A related issue is that of taxation. Currently, retailing on the Net is exempt from sales tax in the US, as the transactions cross state borders. A similar situation prevails in the EU. This is being hotly debated at the moment on both sides of the Atlantic. It is quite possible that the tax moratorium on Internet sales in the US will be extended beyond next year, while the outcome in Europe is more difficult to predict.

However, the effect of taxation on Internet sales would almost certainly curtail the expected growth in this sector over the coming years. This tax-free status gives remote Net retailers a competitive advantage over their local high-street counterparts, as goods can be offered at lower prices. If this competitive advantage is removed, then the relative attractiveness of online shopping would be reduced.

Shopping is also becoming more widely thought of as a leisure activity, and this is being reflected in the increasing tendency towards providing associated leisure facilities in shopping destinations. Modern shopping centres often incorporate restaurants, cinemas and other leisure facilities. This is another way in which the high street has an advantage over the Net.

Although some retailers are coming under more competition from Internet retailers, who can offer the same goods, often at lower prices, with the added convenience of being able to order them from home, not all goods are suitable for Internet sales. The most popular categories of goods and services purchased online are CDs, books, IT hardware and software and travel.

Goods such as clothing are less suitable for sale over the Net as they need to be sampled by consumers. For example, whereas items like CDs and books are homogeneous, consumers still like to try on clothes before buying them. Hence, some types of retailers would be less at risk from Internet retailing than others.

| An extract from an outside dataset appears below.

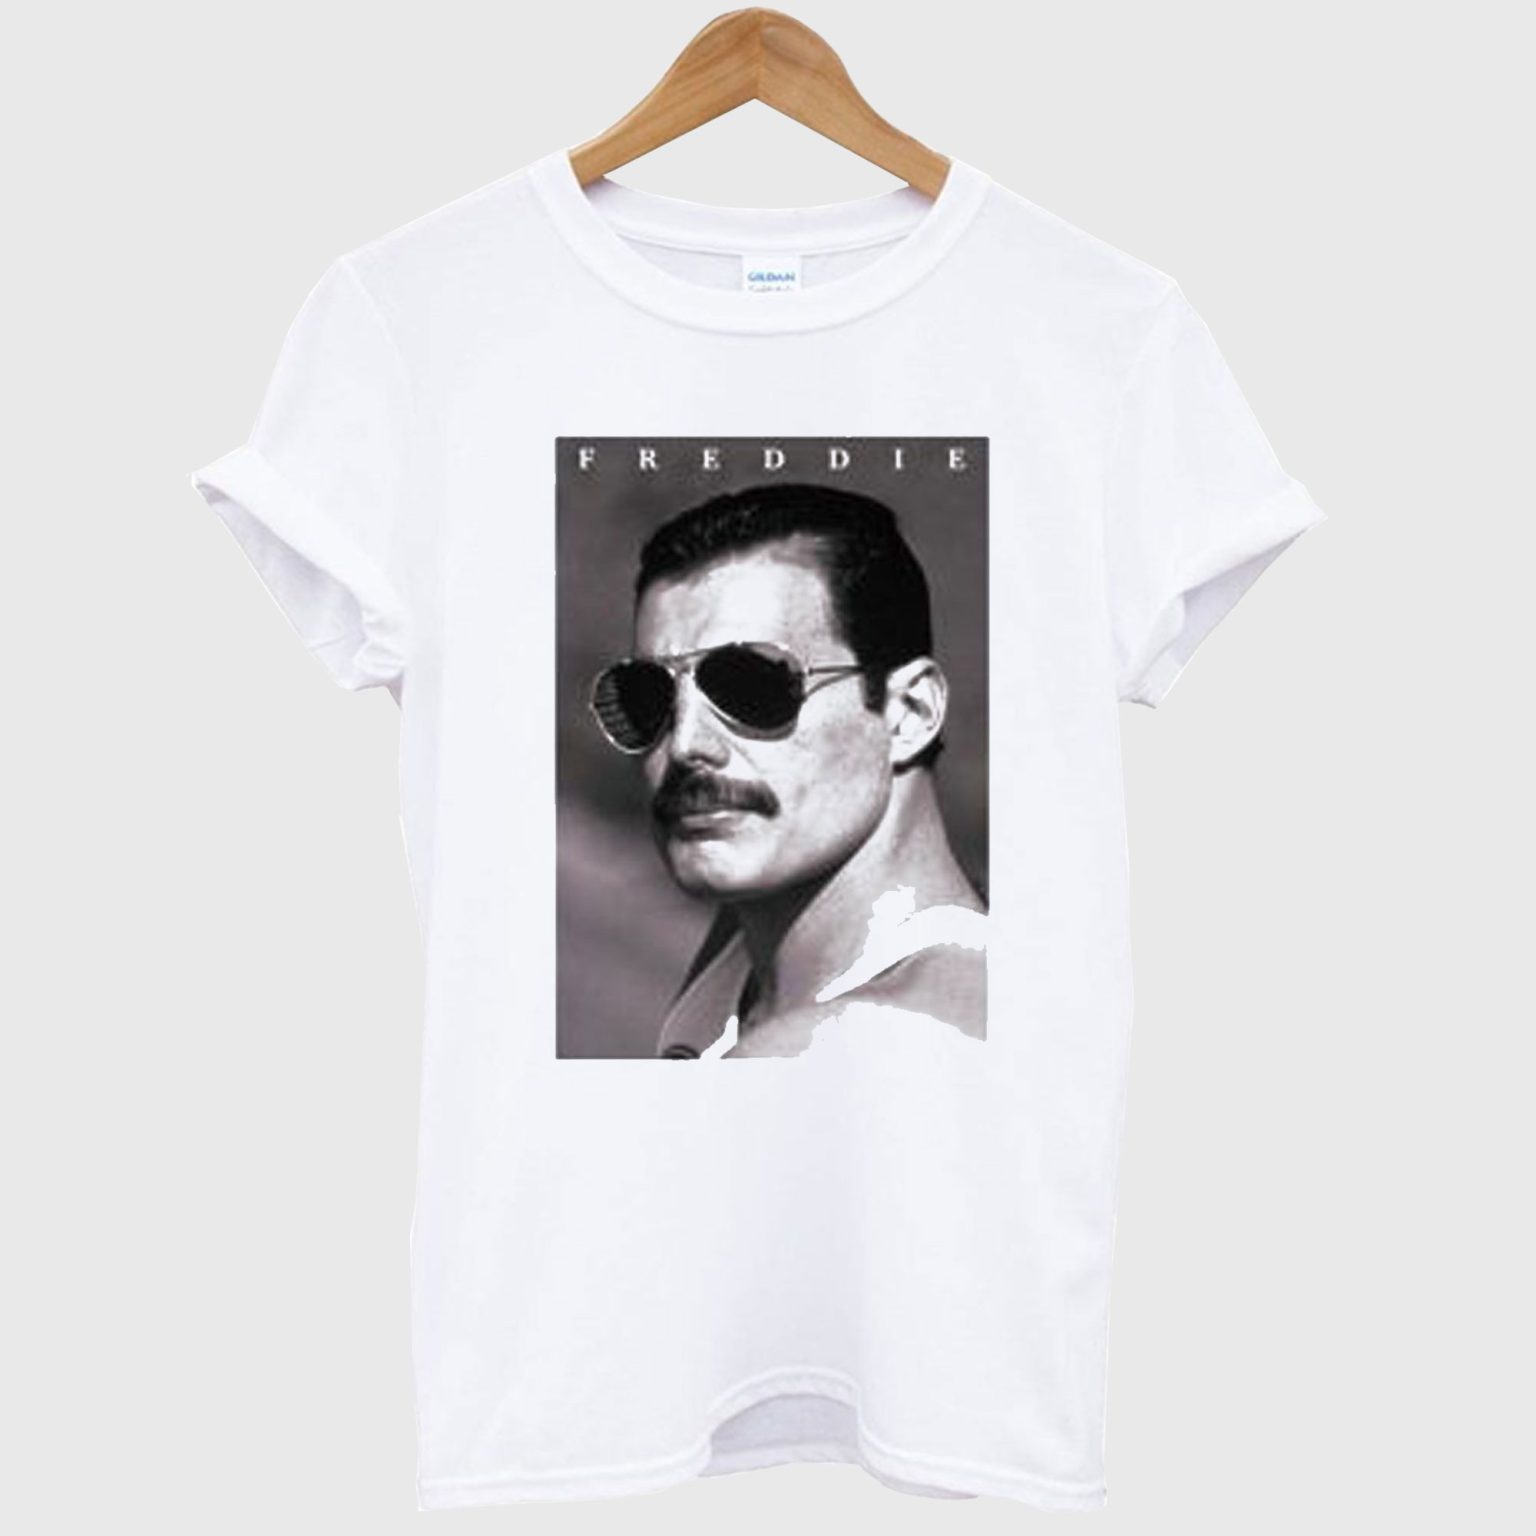 Queen Freddie Mercury Tribute T shirt

Based on the current tenancy information, we have undertaken an analysis of the risk profile of retailers in some prime locations in Dublin. High-risk categories include books, electrical goods, music and banks (branch banking is likely to become less popular as Internet and telephone banking increase in prevalence). Medium-risk categories include jewellery, gifts, stationery and department stores. Low-risk categories include clothing and footwear, pharmacists, confectioners, cosmetics retailers, restaurants and cafes.

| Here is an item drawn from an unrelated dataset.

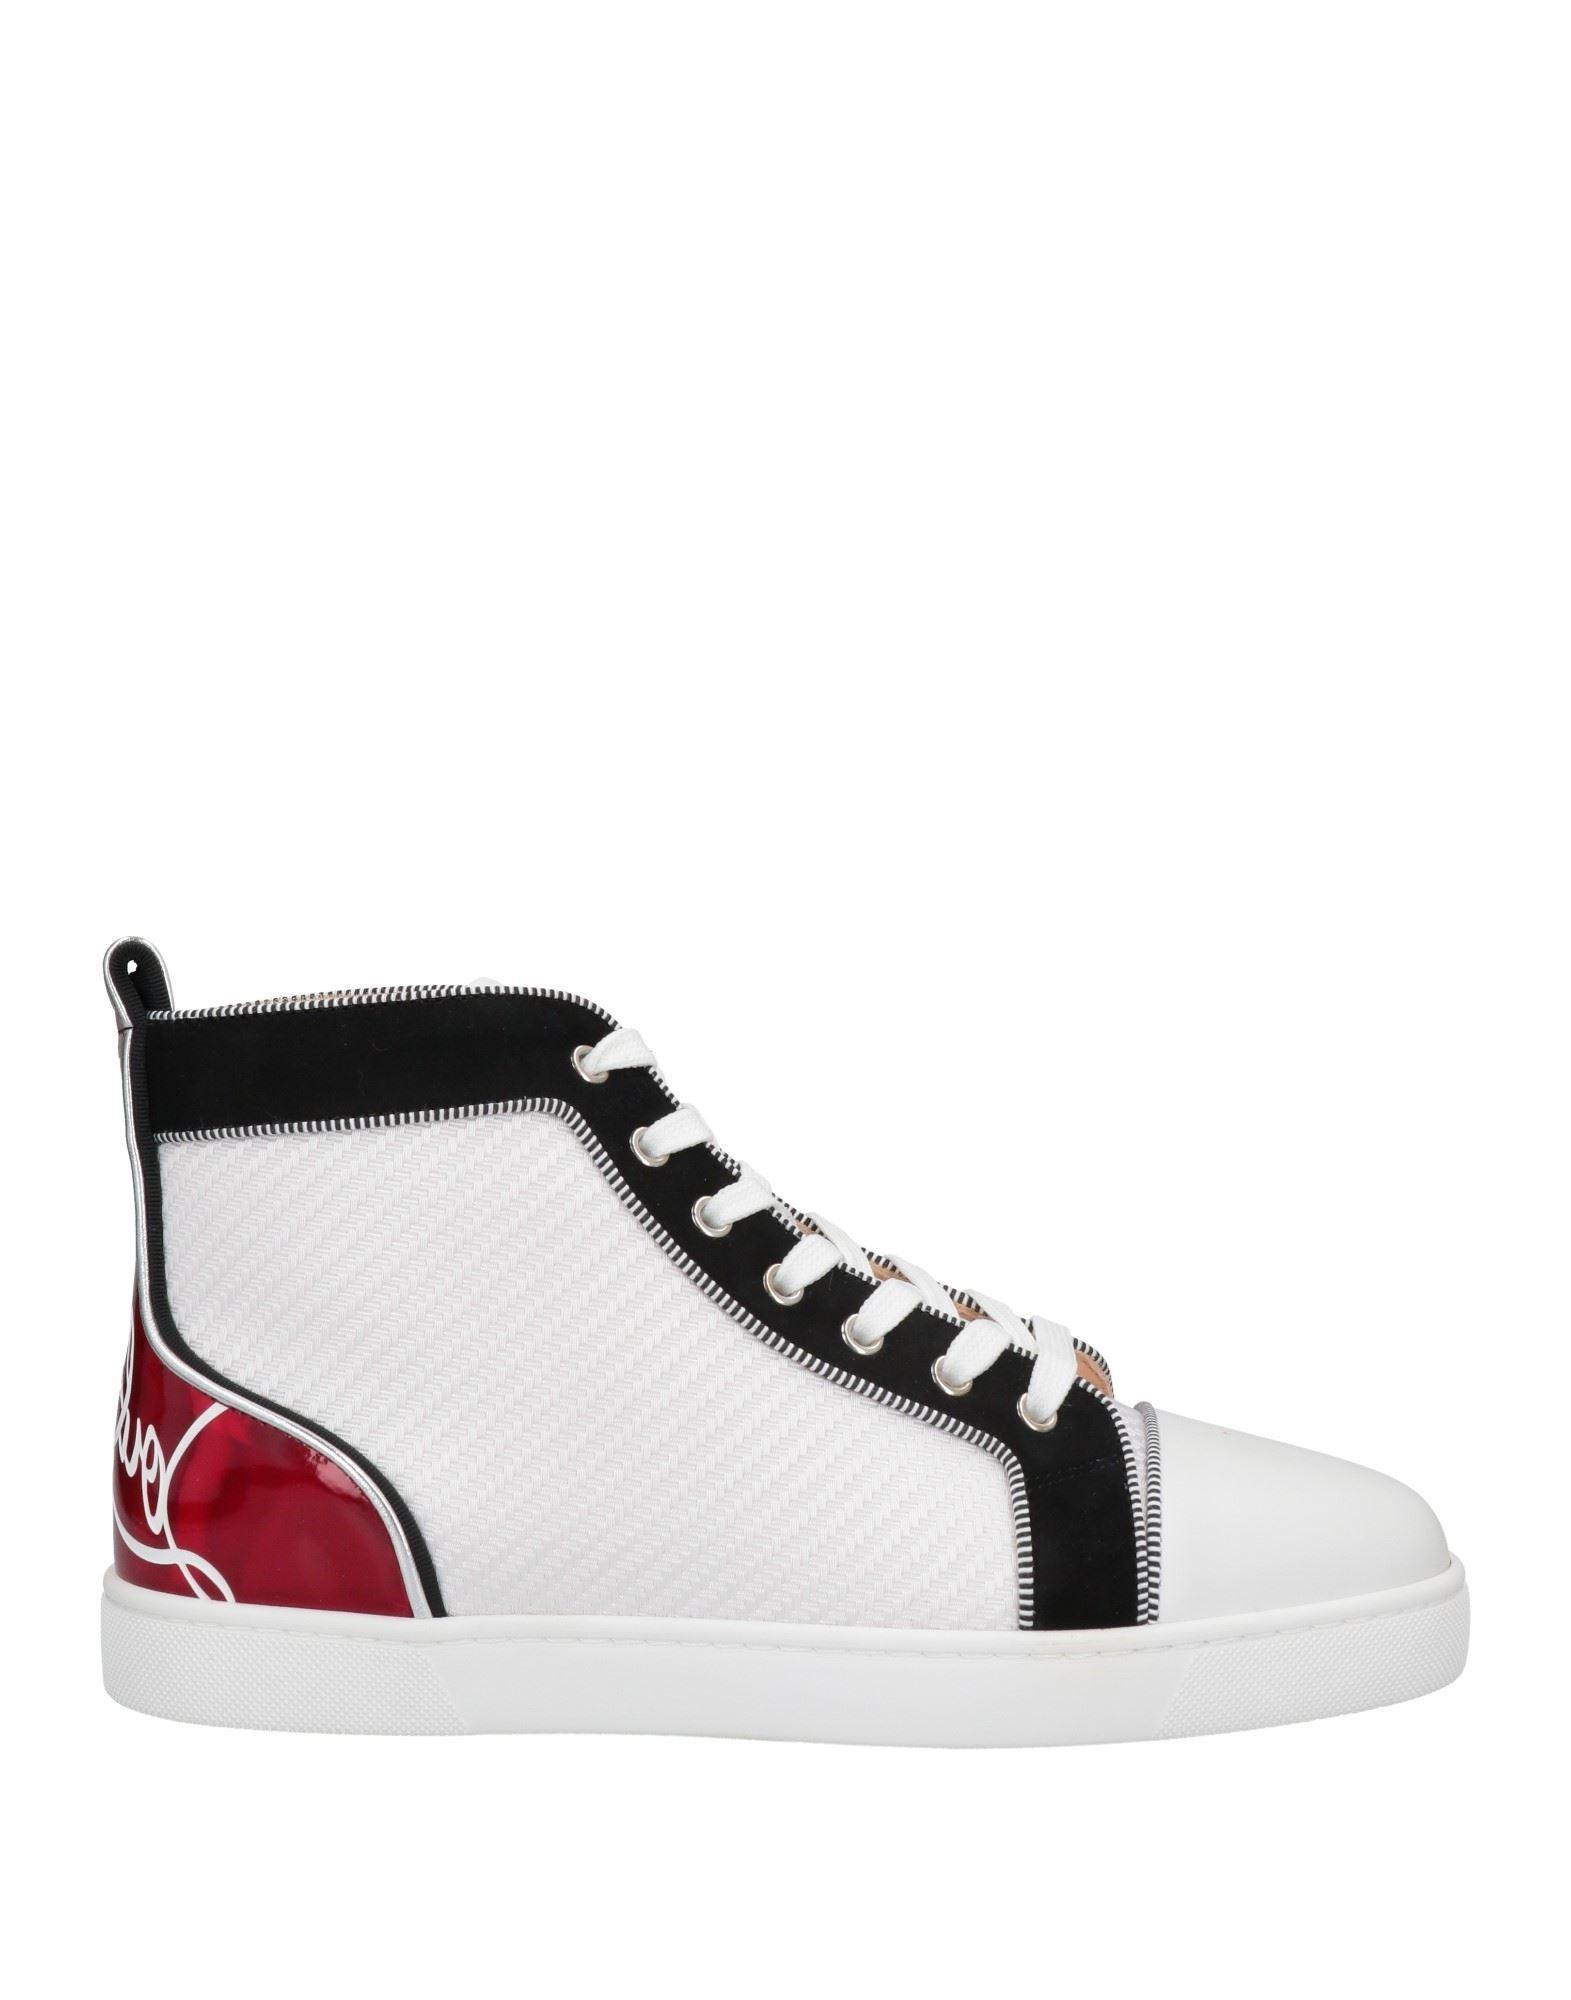 Christian Louboutin Sneakers Herren Farbe Weiss In White

Based on these categorisations, almost two thirds of retailers on both Grafton Street and Henry Street fall into the low-risk category. Just over one fifth of retailers on Grafton Street and just over one in six on Henry Street are classed as high-risk. The story is similar in some of the prime shopping centres in Dublin. In Liffey Valley, over 70 per cent of retailers are in the low-risk category and less than one in seven are in the high-risk category, while the figures are similar for Blanchardstown Shopping Centre and The Square in Tallaght.

This is encouraging, as it indicates that these retailing locations will continue to trade well, even as Internet shopping becomes more popular. There may be some adjustment in tenant mix, with some (but certainly not all) high-risk retailers being replaced by low-risk retailers. Even still, retailers in high-risk categories are unlikely to completely desert the high street. There will always be demand for these goods in physical stores, not least because not everybody will have access to the Internet and not everybody who does will be in a position to make online purchases (a recent survey suggested that 70 per cent of Irish Internet users do not have a credit card).

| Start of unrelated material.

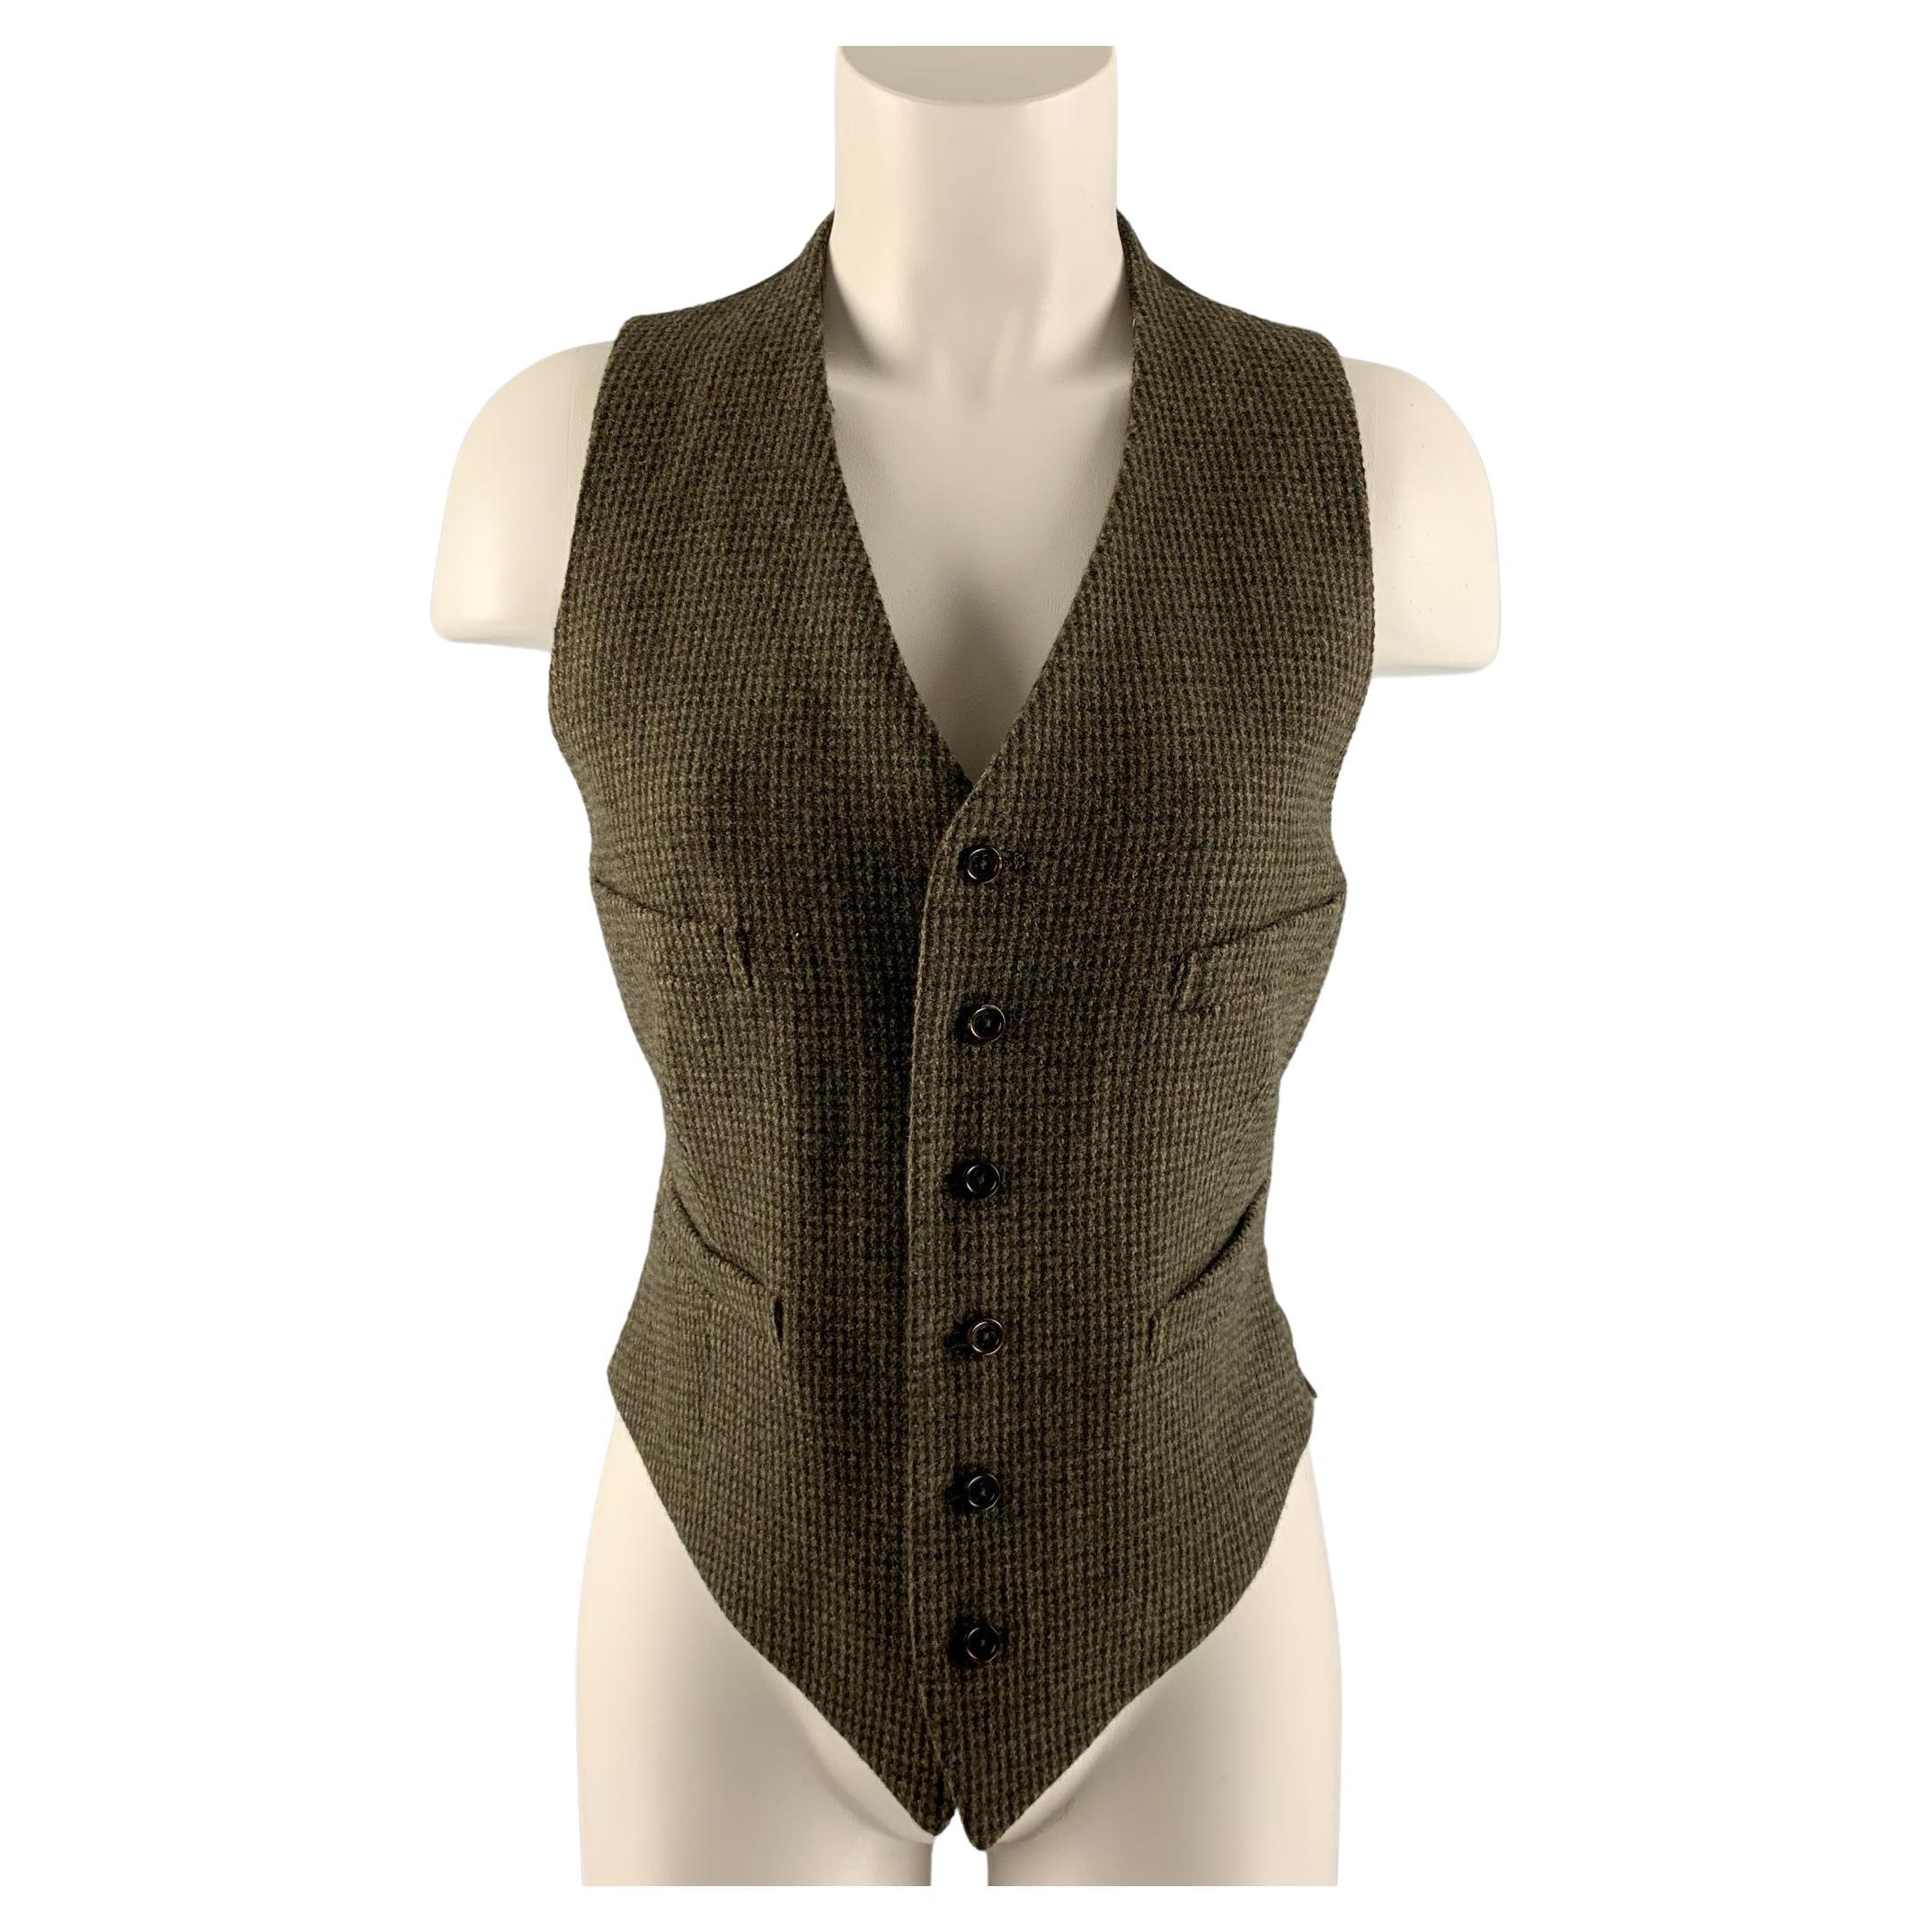 RALPH LAUREN Size 8 Olive & Taupe Wool Vest

Hence, although Internet shopping is likely to increase in its popularity, a significant proportion of traditional retailers will find their markets remaining buoyant. Estimates in the UK suggest that by 2004, the proportion of retail sales captured by e-tailing will still be low at only 3 per cent.

Some retailers will experience a reduction in demand, but these retailers are unlikely to entirely surrender their high street positions. Furthermore, retailers who maintain a high street presence while also providing an Internet service will have the benefit of capturing both segments of the market and have the potential to profit greatly from the current e-revolution. One thing is clear, however, and that is that rumours of the demise of the high street have been greatly exaggerated.